▶ [Required action]: Retype all of the data without changing a single word.

▶ [Material for this exercise]:
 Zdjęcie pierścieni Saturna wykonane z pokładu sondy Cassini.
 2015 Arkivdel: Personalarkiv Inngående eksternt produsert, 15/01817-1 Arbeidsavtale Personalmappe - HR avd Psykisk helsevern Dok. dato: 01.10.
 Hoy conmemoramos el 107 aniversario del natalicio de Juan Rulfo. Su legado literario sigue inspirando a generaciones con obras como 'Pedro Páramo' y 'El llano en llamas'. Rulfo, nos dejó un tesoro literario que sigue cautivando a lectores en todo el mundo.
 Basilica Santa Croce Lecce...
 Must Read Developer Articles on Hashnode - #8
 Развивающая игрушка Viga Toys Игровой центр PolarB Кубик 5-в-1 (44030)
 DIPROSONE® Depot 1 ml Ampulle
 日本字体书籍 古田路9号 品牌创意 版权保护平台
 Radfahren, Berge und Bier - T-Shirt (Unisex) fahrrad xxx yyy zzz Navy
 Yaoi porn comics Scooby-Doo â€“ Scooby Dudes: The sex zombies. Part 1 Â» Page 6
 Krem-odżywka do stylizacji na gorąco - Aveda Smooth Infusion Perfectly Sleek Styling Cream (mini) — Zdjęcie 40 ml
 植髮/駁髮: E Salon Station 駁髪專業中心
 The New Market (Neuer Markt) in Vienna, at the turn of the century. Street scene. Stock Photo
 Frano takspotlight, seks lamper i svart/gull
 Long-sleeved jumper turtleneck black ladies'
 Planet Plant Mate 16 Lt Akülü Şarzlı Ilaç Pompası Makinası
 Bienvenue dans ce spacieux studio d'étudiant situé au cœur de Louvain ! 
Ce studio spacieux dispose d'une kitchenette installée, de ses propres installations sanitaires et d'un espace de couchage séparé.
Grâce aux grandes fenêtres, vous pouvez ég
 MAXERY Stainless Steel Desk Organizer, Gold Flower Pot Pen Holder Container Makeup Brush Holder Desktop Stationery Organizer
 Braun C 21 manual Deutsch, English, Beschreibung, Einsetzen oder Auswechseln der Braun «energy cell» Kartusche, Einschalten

▶ [Answer to the exercise]:
 Zdjęcie pierścieni Saturna wykonane z pokładu sondy Cassini.
 2015 Arkivdel: Personalarkiv Inngående eksternt produsert, 15/01817-1 Arbeidsavtale Personalmappe - HR avd Psykisk helsevern Dok. dato: 01.10.
 Hoy conmemoramos el 107 aniversario del natalicio de Juan Rulfo. Su legado literario sigue inspirando a generaciones con obras como 'Pedro Páramo' y 'El llano en llamas'. Rulfo, nos dejó un tesoro literario que sigue cautivando a lectores en todo el mundo.
 Basilica Santa Croce Lecce...
 Must Read Developer Articles on Hashnode - #8
 Развивающая игрушка Viga Toys Игровой центр PolarB Кубик 5-в-1 (44030)
 DIPROSONE® Depot 1 ml Ampulle
 日本字体书籍 古田路9号 品牌创意 版权保护平台
 Radfahren, Berge und Bier - T-Shirt (Unisex) fahrrad xxx yyy zzz Navy
 Yaoi porn comics Scooby-Doo â€“ Scooby Dudes: The sex zombies. Part 1 Â» Page 6
 Krem-odżywka do stylizacji na gorąco - Aveda Smooth Infusion Perfectly Sleek Styling Cream (mini) — Zdjęcie 40 ml
 植髮/駁髮: E Salon Station 駁髪專業中心
 The New Market (Neuer Markt) in Vienna, at the turn of the century. Street scene. Stock Photo
 Frano takspotlight, seks lamper i svart/gull
 Long-sleeved jumper turtleneck black ladies'
 Planet Plant Mate 16 Lt Akülü Şarzlı Ilaç Pompası Makinası
 Bienvenue dans ce spacieux studio d'étudiant situé au cœur de Louvain ! 
Ce studio spacieux dispose d'une kitchenette installée, de ses propres installations sanitaires et d'un espace de couchage séparé.
Grâce aux grandes fenêtres, vous pouvez ég
 MAXERY Stainless Steel Desk Organizer, Gold Flower Pot Pen Holder Container Makeup Brush Holder Desktop Stationery Organizer
 Braun C 21 manual Deutsch, English, Beschreibung, Einsetzen oder Auswechseln der Braun «energy cell» Kartusche, Einschalten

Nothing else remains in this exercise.